The use of tokens in self-control tasks has a number of advantages, including that it allows one to assess more “symbolic” choice behavior once subjects learn the value of tokens that, in and of themselves, have no inherent or prepotent appetitive qualities or other physically appealing properties. This point was perhaps most notably expressed in the reverse-reward paradigm in which chimpanzees were required to indicate the food set that would be given to a partner animal (Boysen and Berntson 1995). In essence, the chimpanzees had to learn to select the smaller of two food sets in order to receive the larger food set for themselves. This task only was successful with the introduction of symbolic icons (much like tokens), further supporting the notion that iconic symbols and tokens do not carry the same appetitive qualities and prepotency that actual food items carry. However, if one wants to look at a more tempting and motivationally challenging self-control test that involves exchange, one can use food items as the stimuli that are given to subjects. In these tests, animals are given a particular type (or size) of a food and then offered the chance to exchange that uneaten food for a different food item immediately or after some delay. To obtain the best item, the animal must inhibit eating the food that is in its possession. Thus, this task explicitly requires delay of gratification as in the famous marshmallow test (e.g., Mischel 2014) in which food items were always present but had to be ignored or avoided by children in order for better (or more) food to be obtained later.
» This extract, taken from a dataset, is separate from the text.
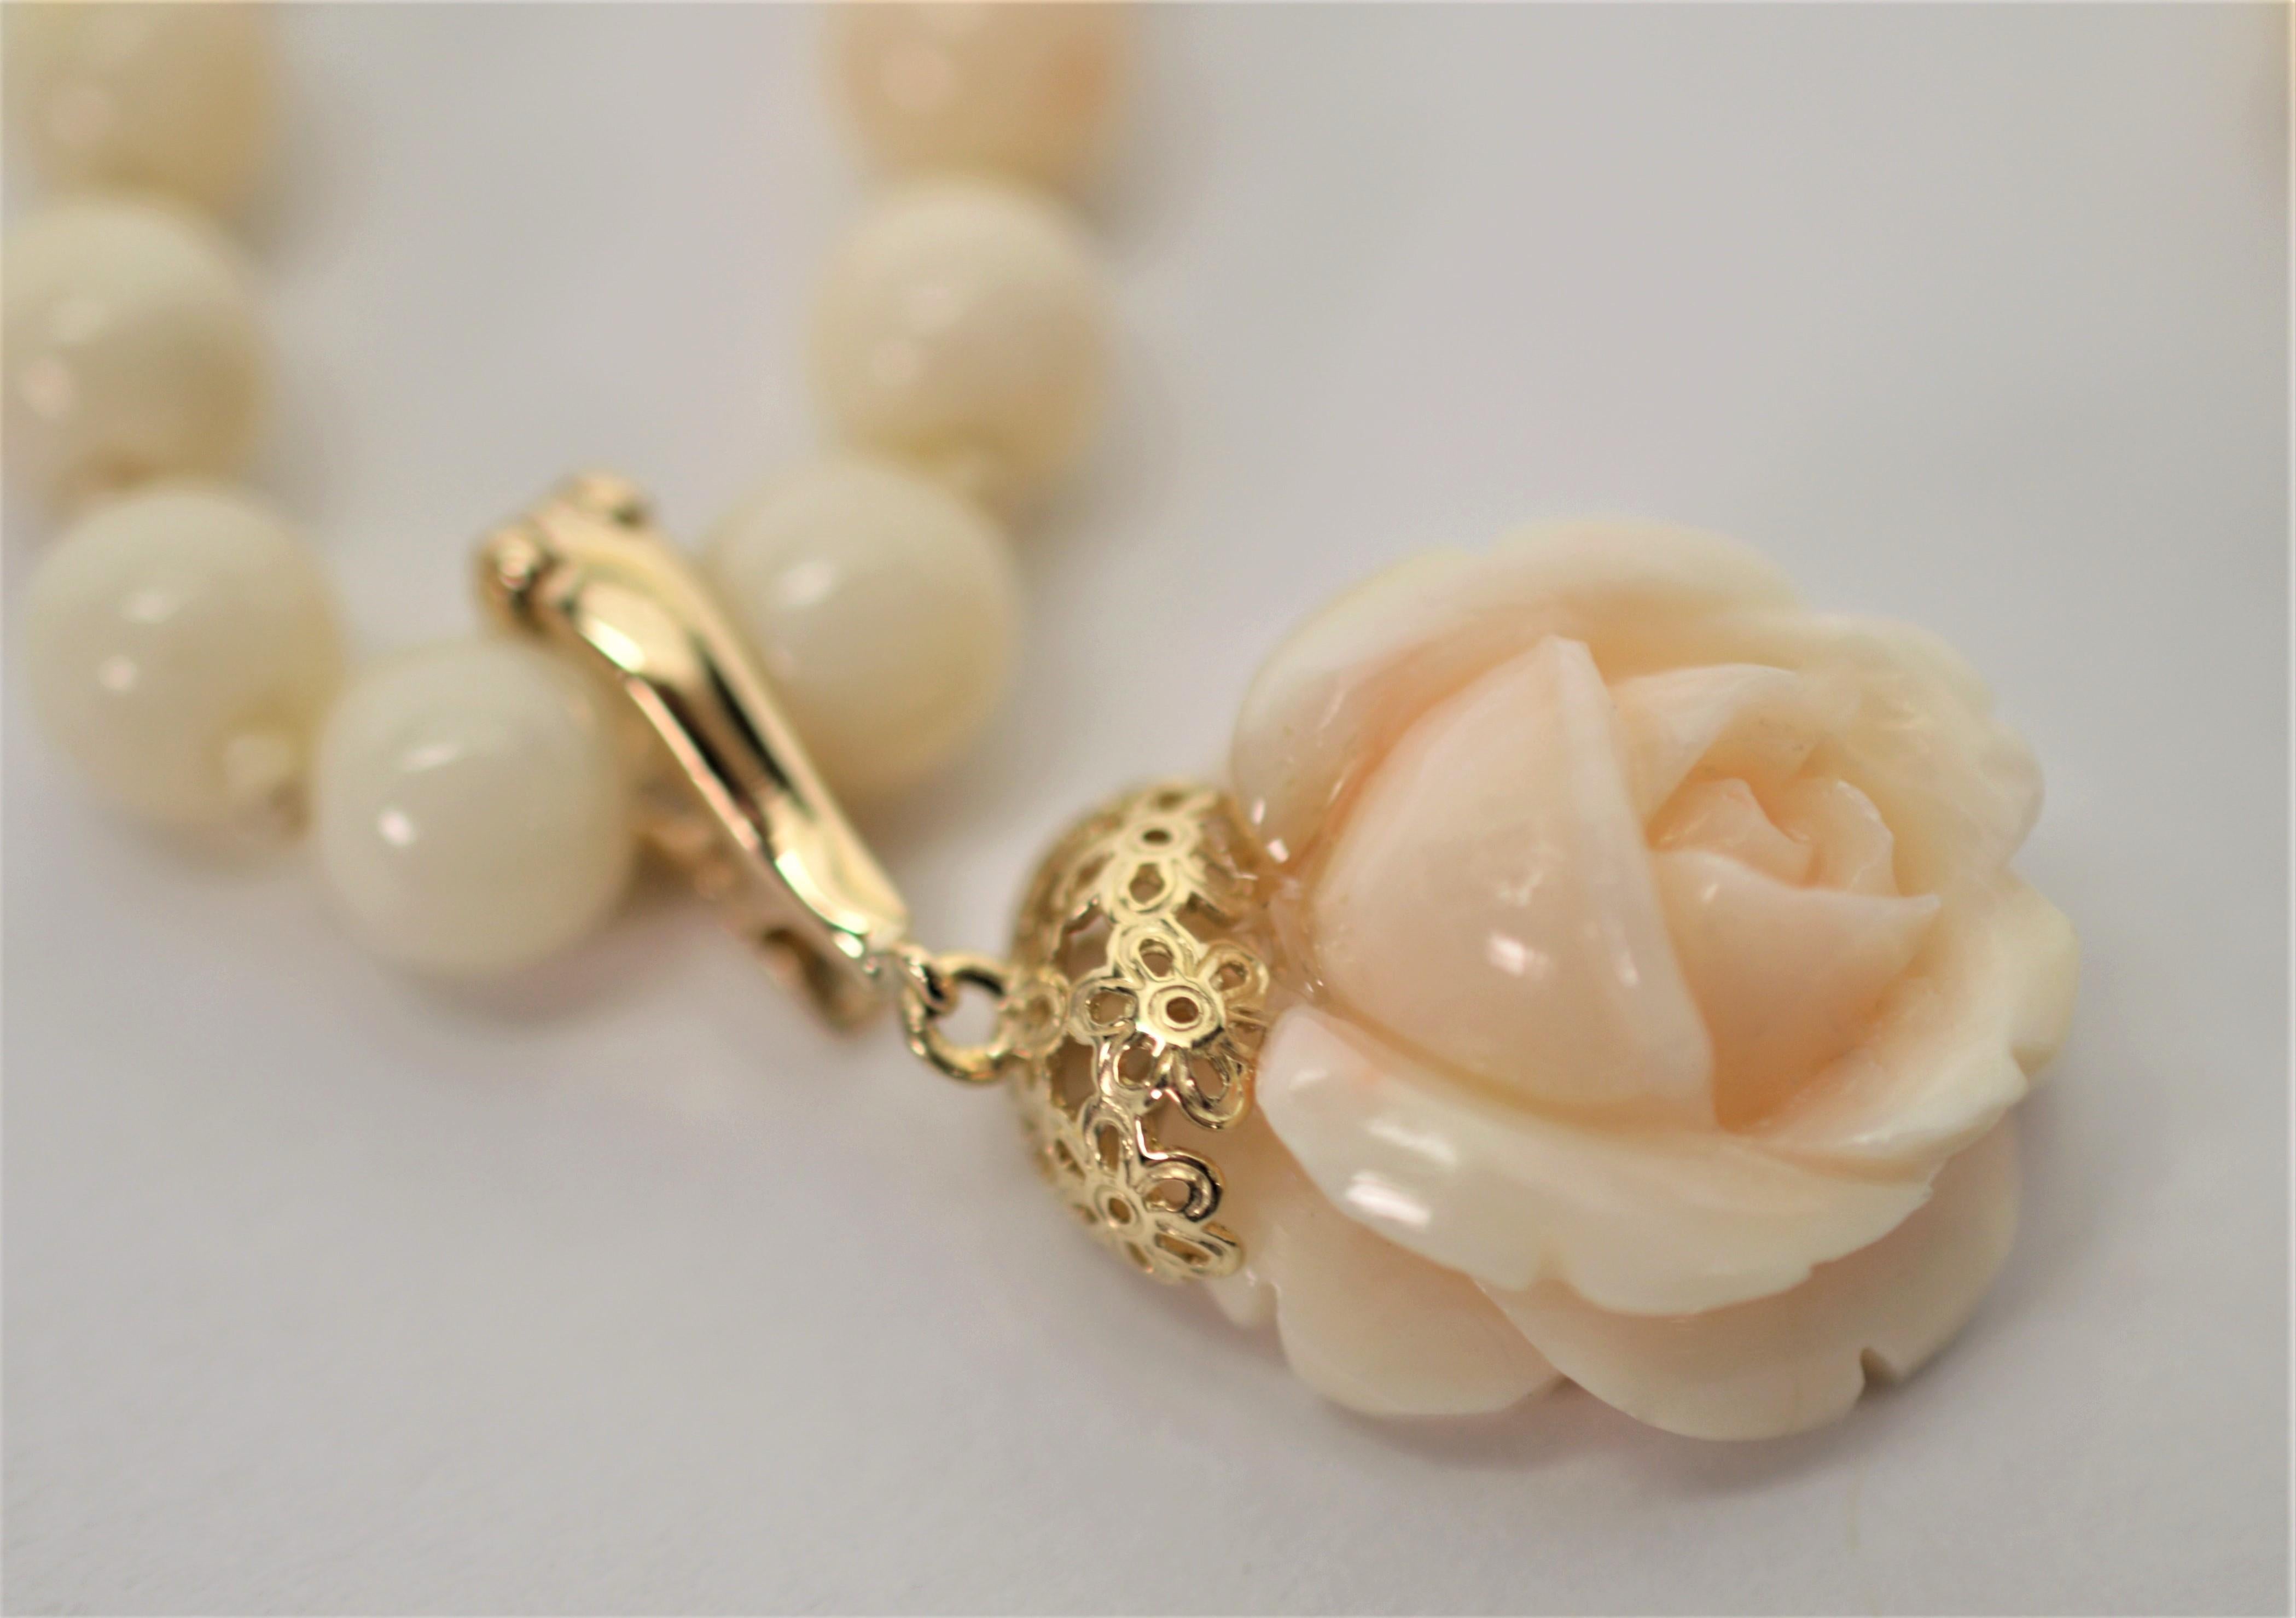 Creamy blush color 6.5 mm natural coral beads on this fourteen inch strand lead to a beautiful carved coral single rose bud pendant.
The rose bud feature measures approximately 17.5 mm. With fourteen carat gold findings, the rose pendant is fitted

Drapier et al. (2005) taught capuchin monkeys to exchange food items for other food items. Within a trial, the food that could be obtained for an exchange could be either qualitatively or quantitatively better than the one the monkey already possessed, and the monkeys often would exchange items when there was a large difference between the value of what they had and what they could get, and this could include as many as three exchanges in a trial. In general, qualitative increases seemed to produce more exchange behavior, but even quantitative changes often led to exchange, although the monkeys sometimes took small bites from an item before exchanging it. Interestingly, not all capuchin monkeys make such responses, suggesting that demonstrations of self-control may be difficult for that species (e.g., Pelé et al. 2011; Ramseyer et al. 2006), a finding also seen in other delay of gratification tests with capuchin monkeys (e.g., Evans et al. 2012). Chimpanzees (Pan troglodytes) have shown greater proclivity for such food-based self-control tasks. When offered small pieces of cookie that could be exchanged for a number of larger-sized pieces, some chimpanzees waited for as long as 8 min without eating the smaller piece (e.g., Dufour et al. 2007). Other animals such as dogs (Canis familiaris; Leonardi et al. 2012), crows (Corvus corone), and ravens (Corvus corax; Dufour et al. 2012) show degrees of success in such food exchange tasks, as do human children (Steelandt et al. 2012), indicating the strong value of this paradigm for comparative assessments of self-control because of easy adaptation for use with so many species due to its intuitive and motivating nature.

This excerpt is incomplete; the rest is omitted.